Percentage type of production per grapheme-to-sound correspondence in the auditory-orthographic conditions.

Grapheme-to-sound correspondence	% type of production				N
Grapheme-to-sound correspondence	Auditory	Orthography-inducedphonological transfer	Combination	Fusion	N
<d>- [δ]	9.8%	90.2%	0.0%	0.0%	492
<ll>-[j]	89.1%	4.2%	6.8%	0.0%	960
<v>-[b]	8.4%	91.6%	0.0%	0.0%	487
<z>-[s]	37.1%	30.3%	0.0%	33.6%	502

Note: Percentages result from the total number of instances relative to trials after removing “not produced,” “deleted,” and “other” codes, as described in the analysis.

As predicted condition also constrained the proportion of auditory-orthographic combination realizations for <ll>-[j] (see Figure 2). The highest percentage combination is produced in the ortho-training condition (12.3%; count = 37), followed by ortho-training and production condition (5.6%; count = 19), and ortho-production condition (2.7%; count = 9).

Figure 2.

Percentage combination production by auditory-orthographic condition. * Denotes significance at p < 0.05, # denotes p = 0.06.

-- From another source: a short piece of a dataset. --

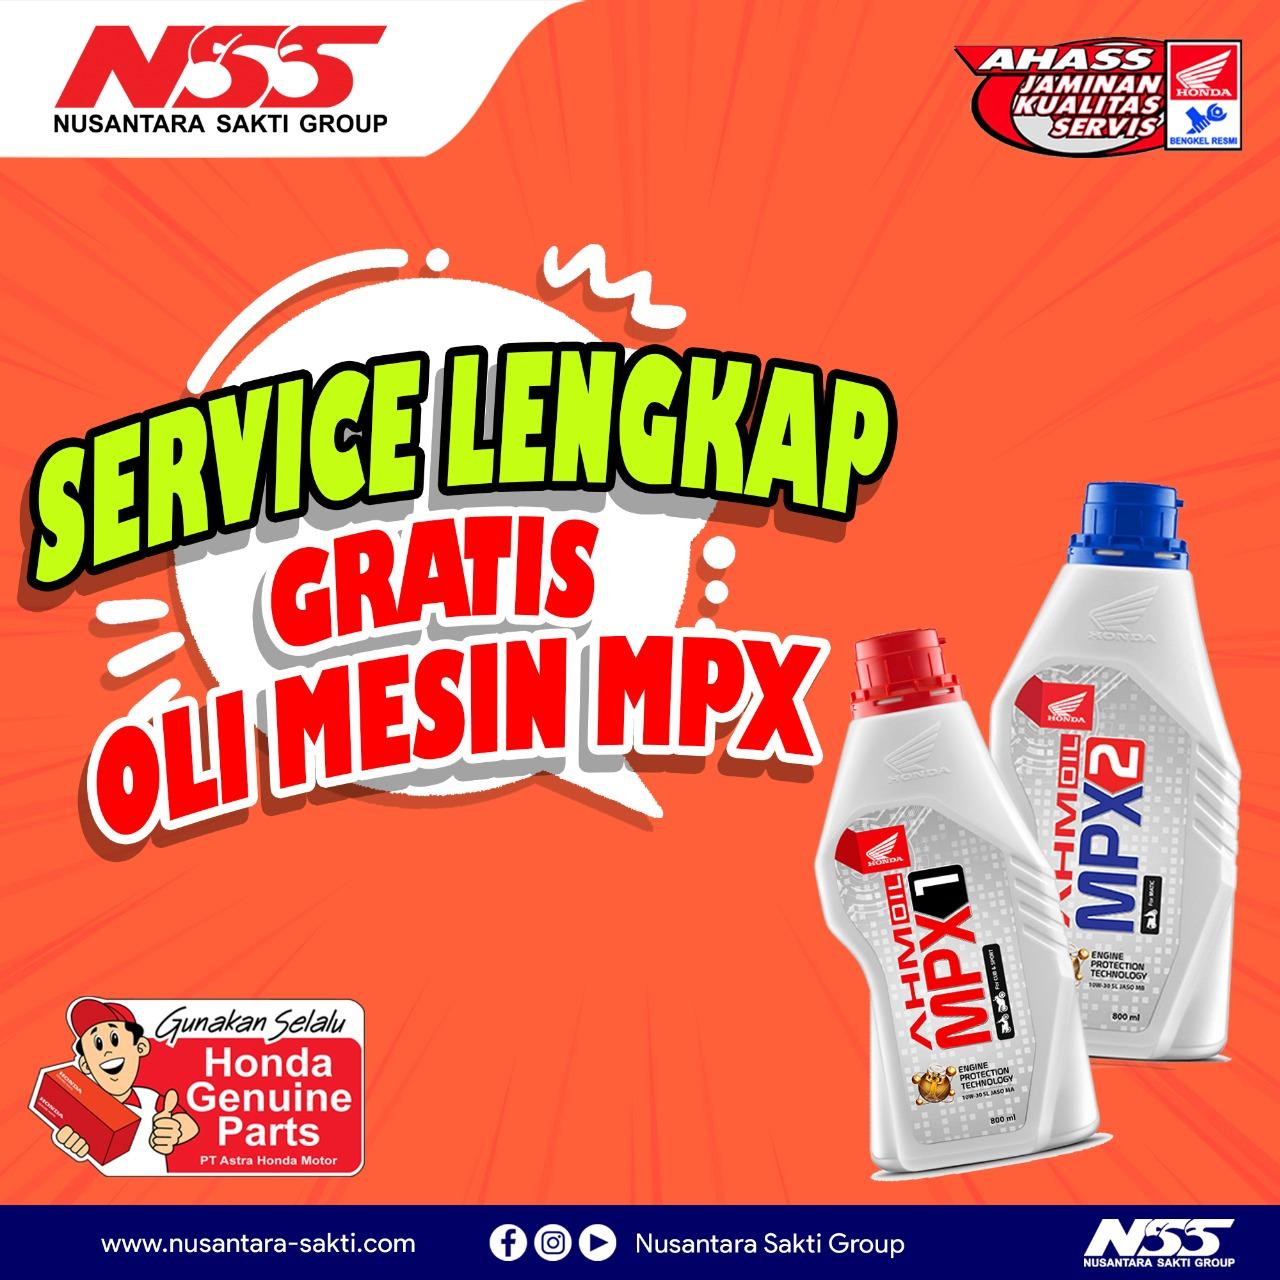 Promo Servis lengkap gratis oli mesin mpx

To investigate the relationship between combination productions and condition for <ll>-[j], χ² test of independence was conducted. The results of this test were significant, χ²(2) = 25.16, p < 0.001, with small effect size, Cramer’s V = 0.16. Examination of standardized residuals were then assessed to determine if there was an orthographic influence during training (Δ RE > 2). Results indicated that the proportion of combination productions in the orthography-training condition were significantly higher than in the orthography-production condition (RE = 3.9 vs. -2.8) and marginally so in the orthography-training and production condition (RE = -0.8 vs. -2.8). To confirm these results, follow-up 2x2 χ2 tests were conducted, comparing combination rates during the ortho-training condition versus the ortho-production condition, as well as the ortho-training and production versus the ortho-production condition. These follow-up tests confirmed the analysis of residuals. Rates of combination were significantly higher in the ortho-training condition than the ortho-production condition, χ²(1) = 22.25, p < 0.001, and marginally higher in the ortho-training and production condition than the ortho-production condition, χ²(1) = 3.51, p < 0.06.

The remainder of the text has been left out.